Tuesday, 13 January 2015

...of the narrator

If she can't go on, I suppose I'll have to. I am not Mira of course, though many readers think I am. For one thing I have little Latin and less Greek. Curious how one can invent knowledgeable people without possessing their knowledge. One cheats, quite simply.
I didn't attend that I-narrator's little meeting - well, I wasn't even on the roll-call, any more than she was - because so far I haven't said I. As eye-narrator I've kept pretty quiet, effaced as they say, not a narrator at all, not fully-fledged, participating, not a character in my own right, a part entire, an expression which, as a child, I always heard as a parent tires, a phrase that would mean, if it existed, 'with a third-party parent', and that too could have its ring of truth in this context. But then, as a child, I was perpetually mishearing what I was taught. I would sing 'Le belge sortant du tombeau', a line in the Belgian national anthem, as 'Le belge sortant tambour'. A Protestant hymn learnt in Geneva went 'Avec allegresse, montons vers le ciel, Et chantons sans cesse notre Emmannuel'. But I sang 'Avec le negresse, montons vers le ciel'. Those were joyful visions. Clearly I do have that much in common with Mira, except she does it on purpose.

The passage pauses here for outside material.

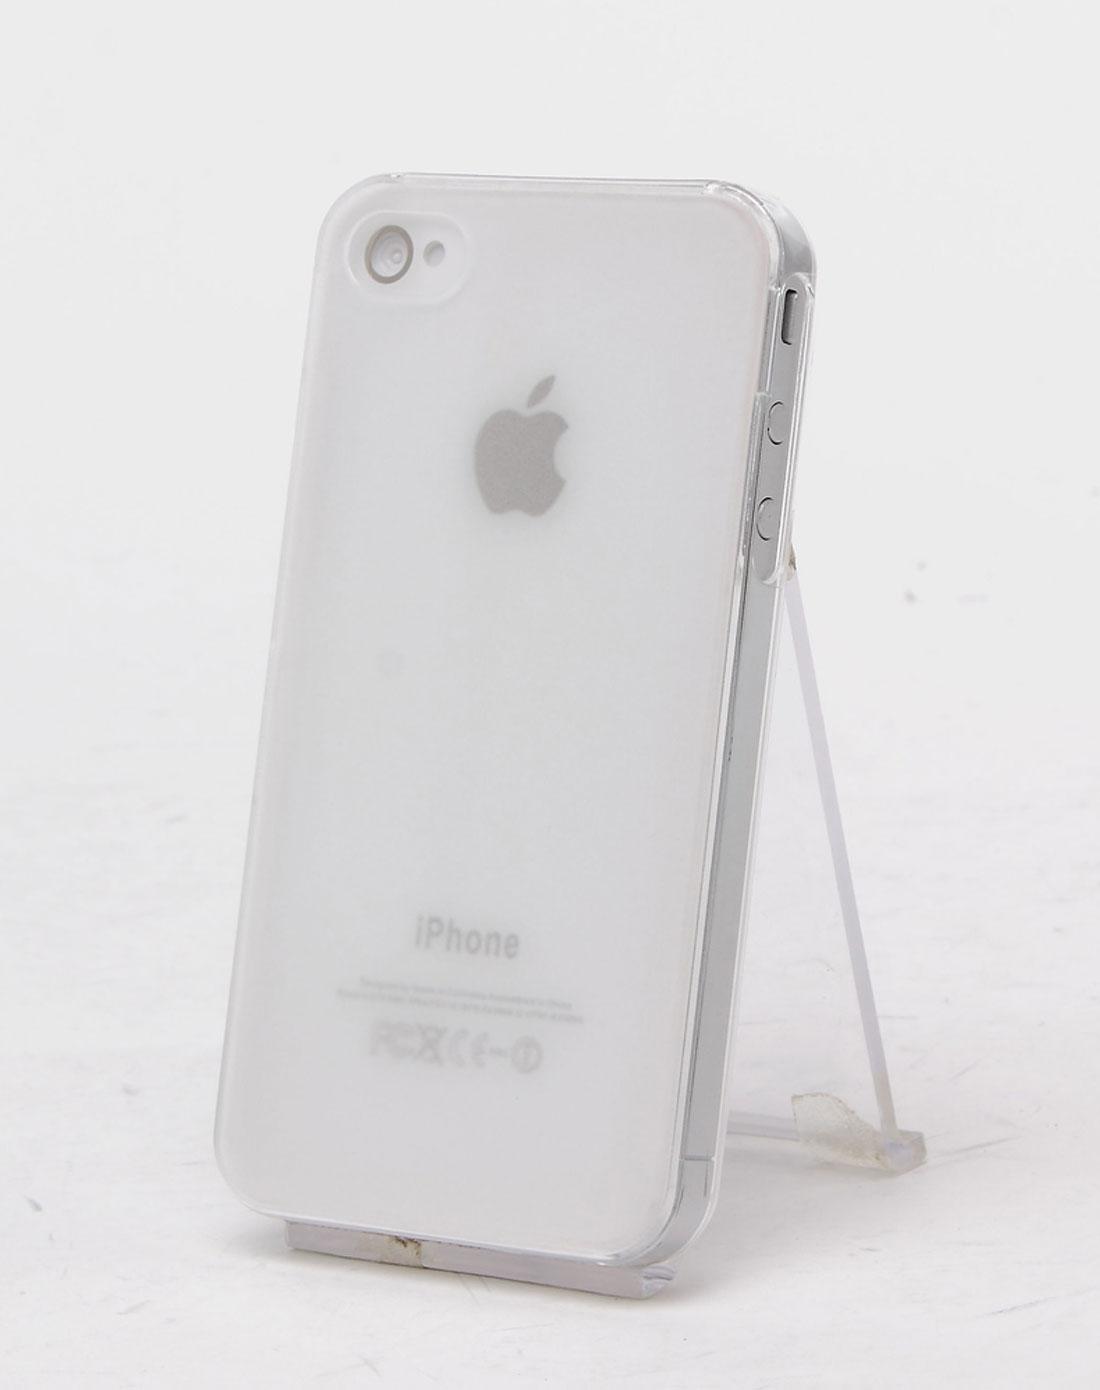 iphone4/4s 白色磨砂透明手机壳

I say not a narrator at all because, when came the fashion for the vanishing author, the silent author, the transparent text (not language at all but window on the world), the critics, always quick to adapt their vocabulary to the latest bandwagon, started calling narrator both the character who narrates and the producer of the text, that is, the author, not of course the real author, who misheard anthems as a child, who had marital troubles or who is undergoing a long and painful dental treatment of implants, but the Author, Implied, Ideal, or whatever, thus losing an important distinction: the character who narrates is limited to what he can know, the producer of the text can move among many knowledges. He used to be called Omniscient. Well, anti-God intellectuals (anti-author-ity) objected to that. Objected to the rigging, the fateful feel of divine providence. The author was out. All authority rested in the text. And later all authority rested in the Reader, Implied, Ideal, or whatever. And so they passed imperceptibly from phrases such as 'the author's intention here is clearly' to 'the text clearly says', and then to 'the reader clearly infers'. But behind this lip-service to fads, what the author intends, what the text says, what the reader infers, is in every case what the one critic interprets. He too is Reader, he too is God.